==== Material provided ====

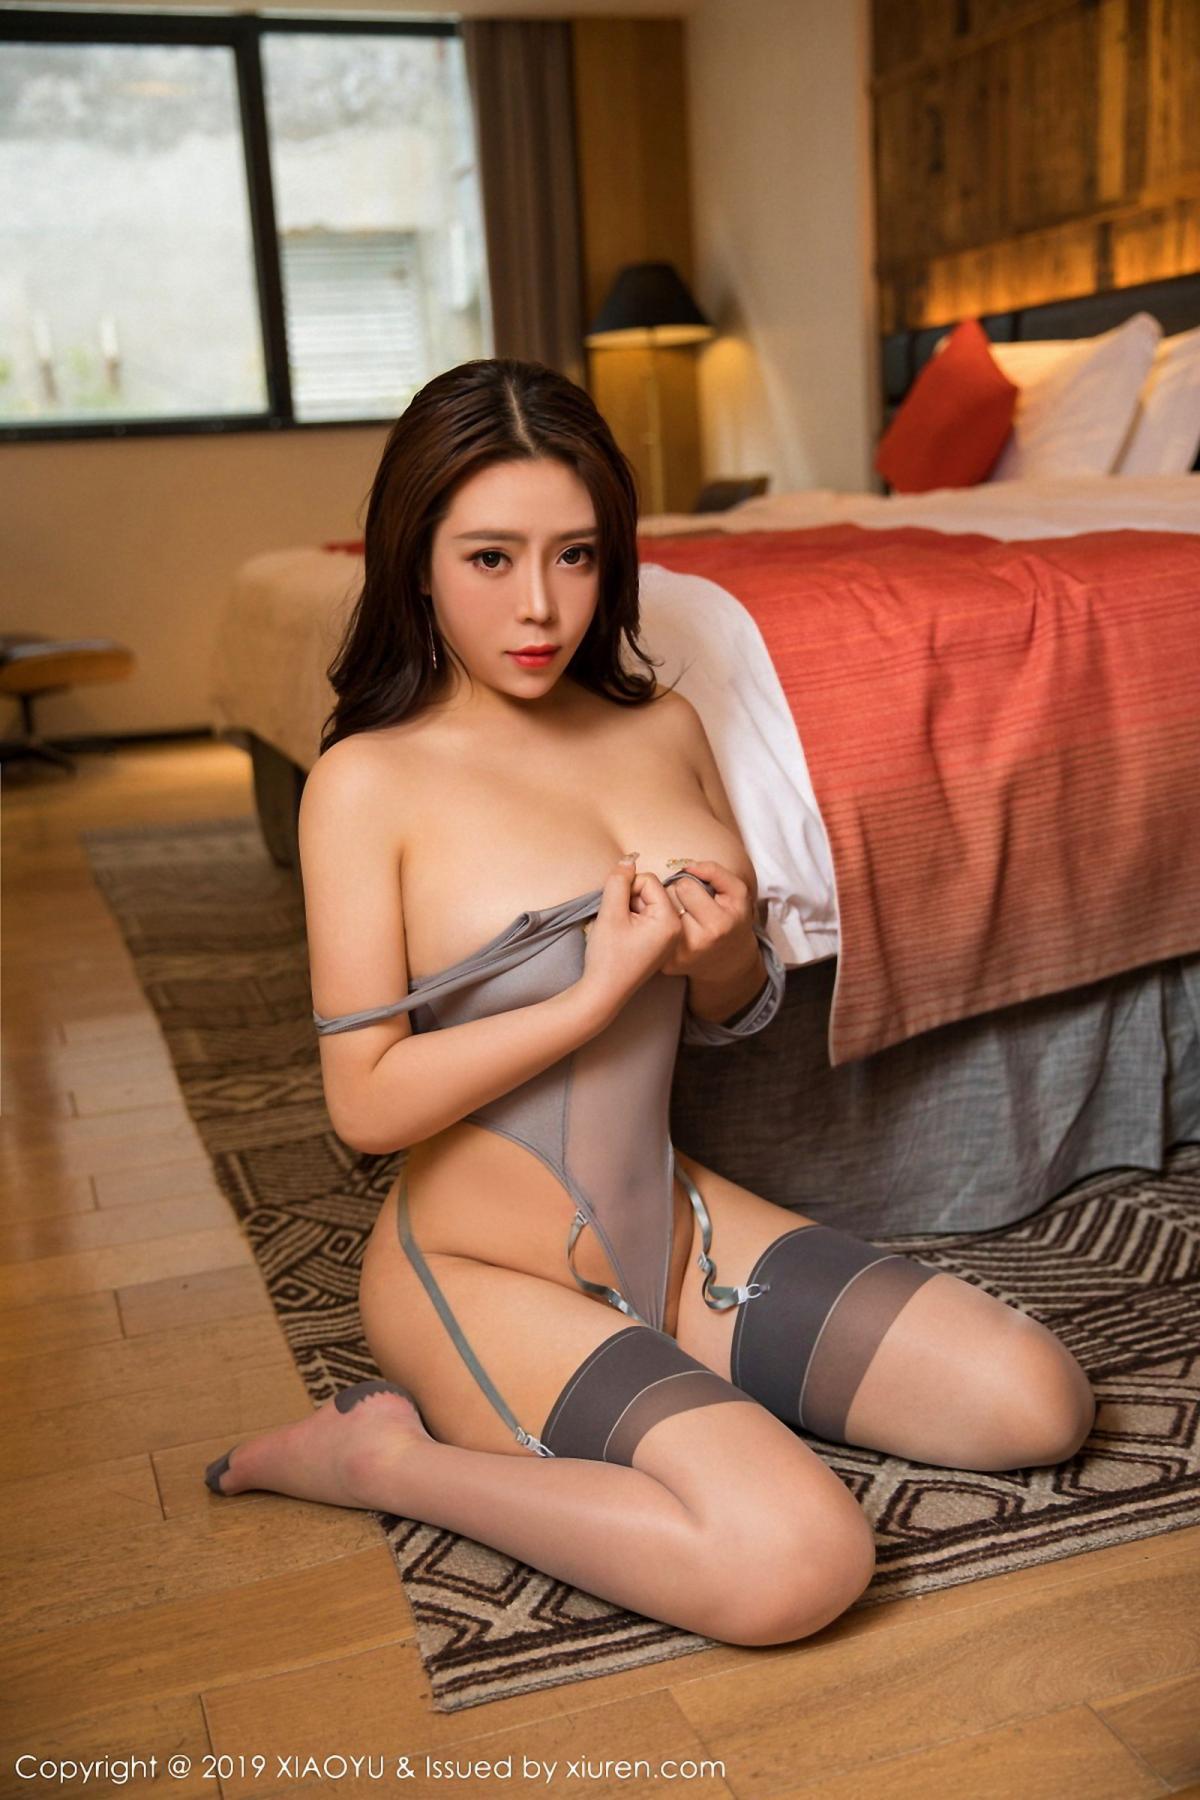 [XiaoYu] Vol.038 Miki Tu 26P, Miki Tu, XiaoYu
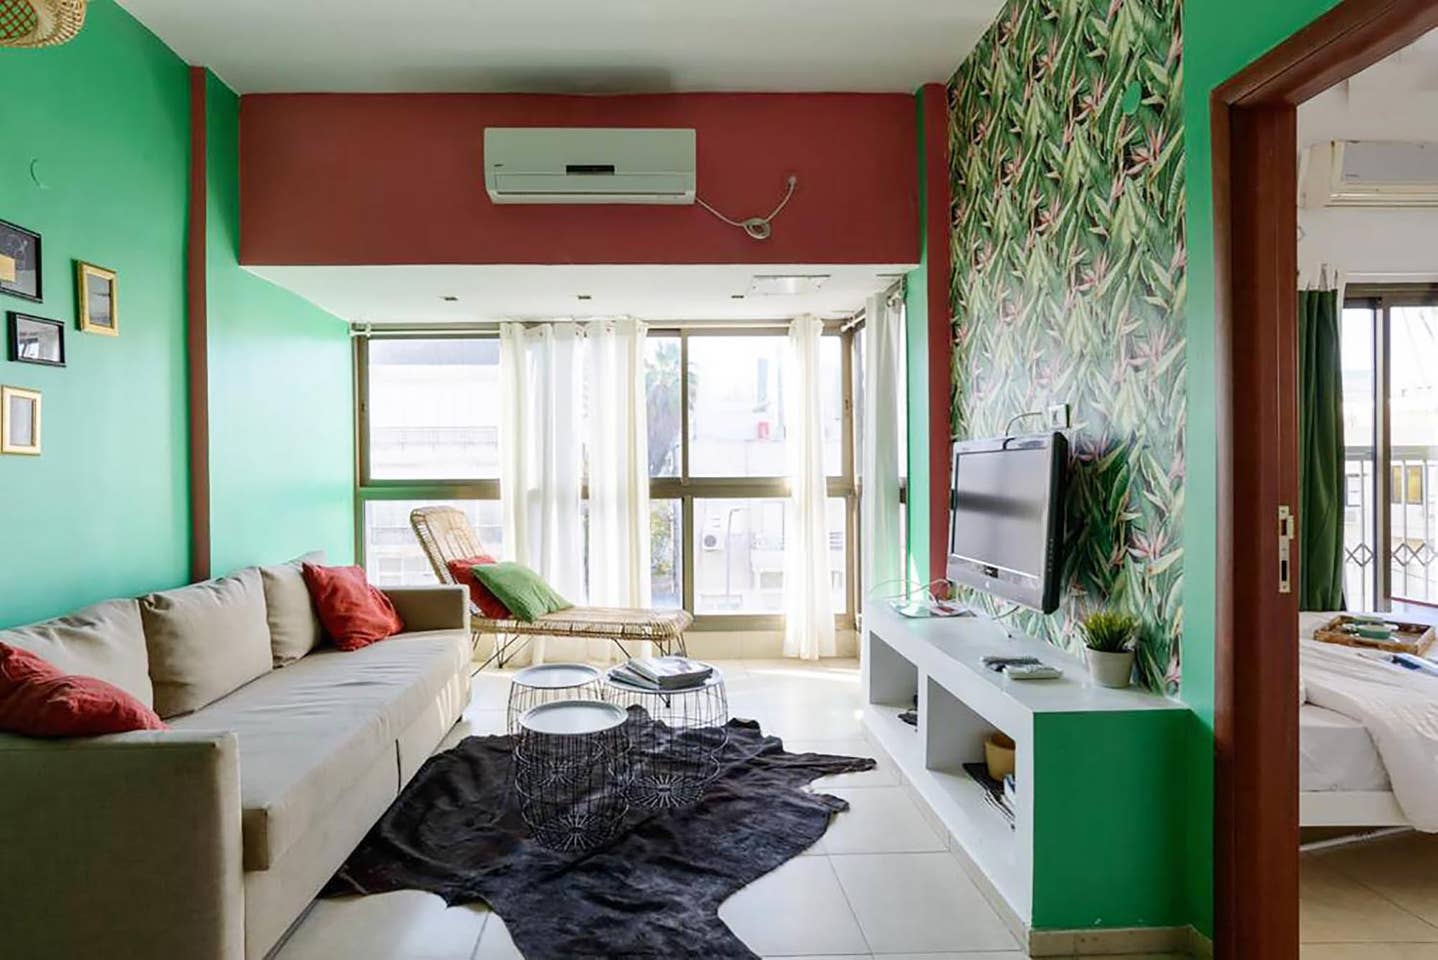 Apartment Tropical sensation next to the beach TLV photo 18483848
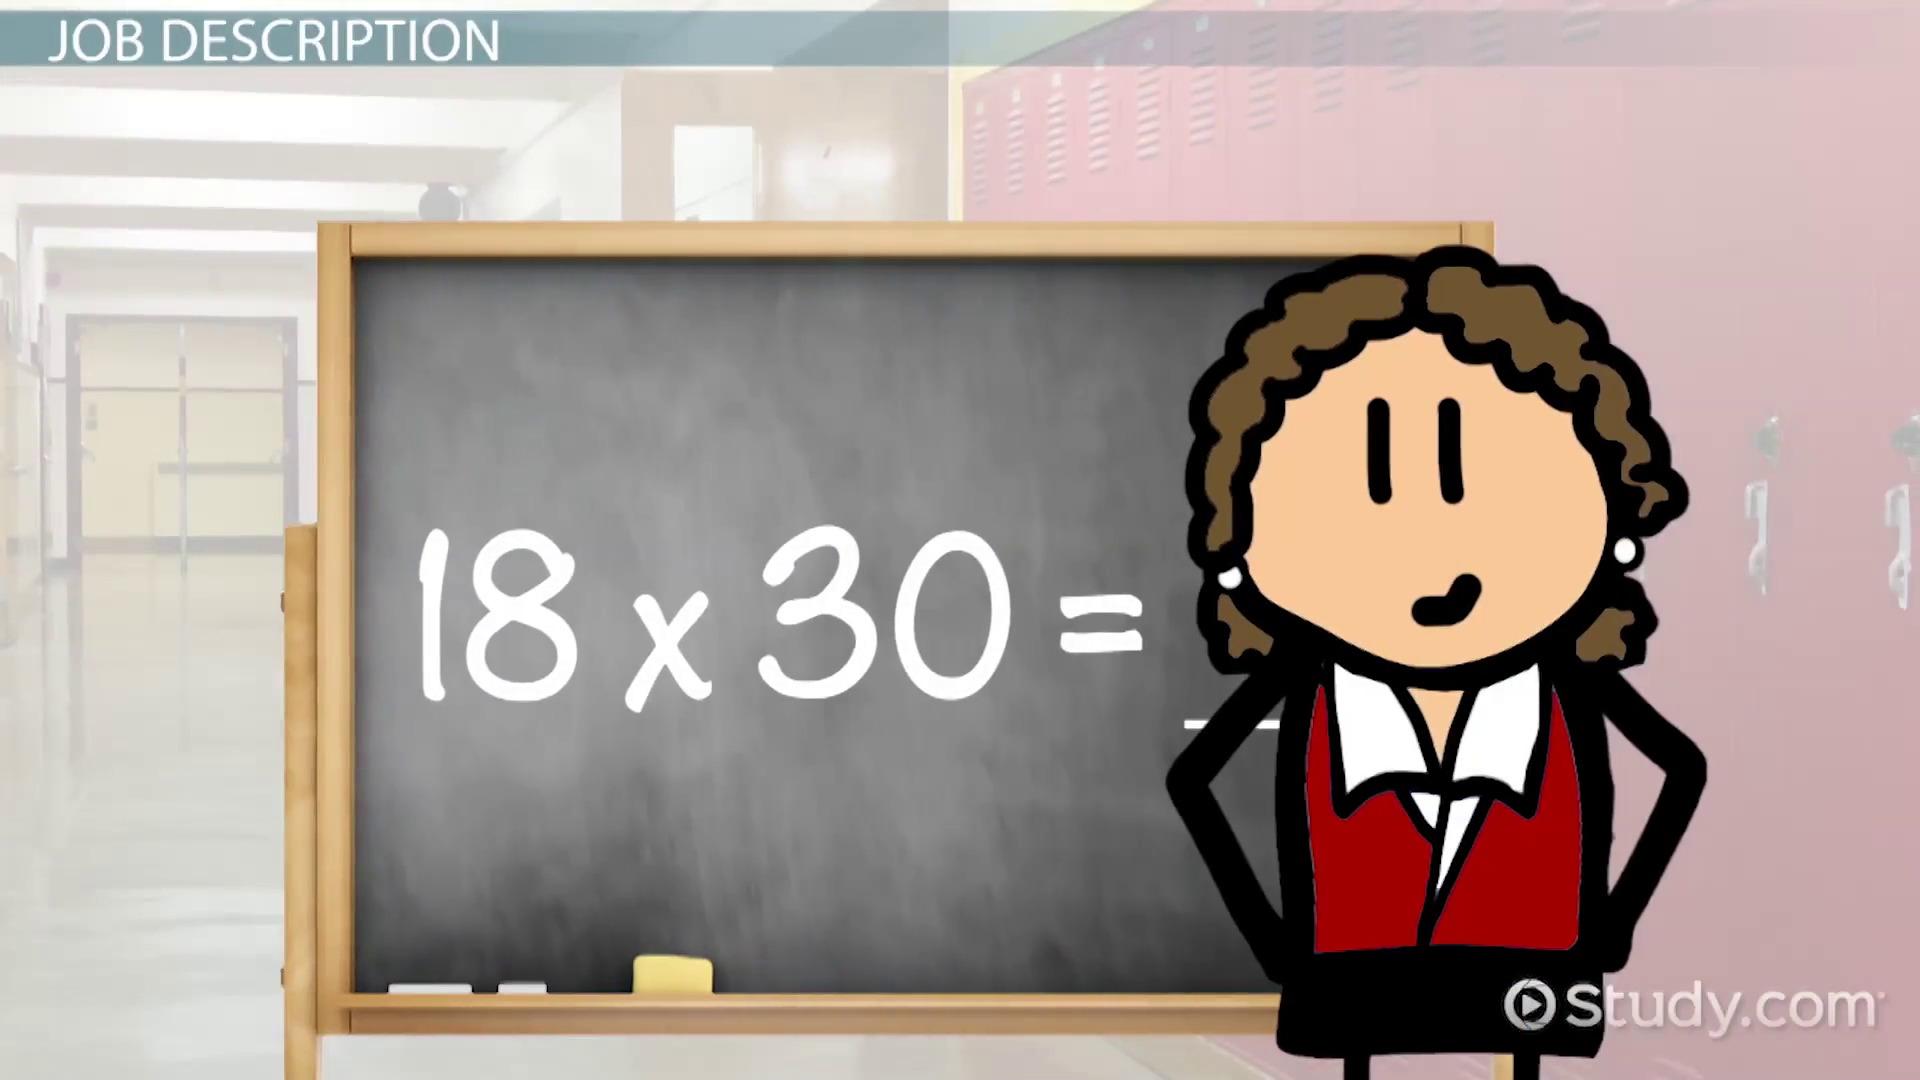 high school teacher job description duties and requirements

====

Output the full material exactly as given, without its pictures.

 [XiaoYu] Vol.038 Miki Tu 26P, Miki Tu, XiaoYu
 Apartment Tropical sensation next to the beach TLV photo 18483848
 high school teacher job description duties and requirements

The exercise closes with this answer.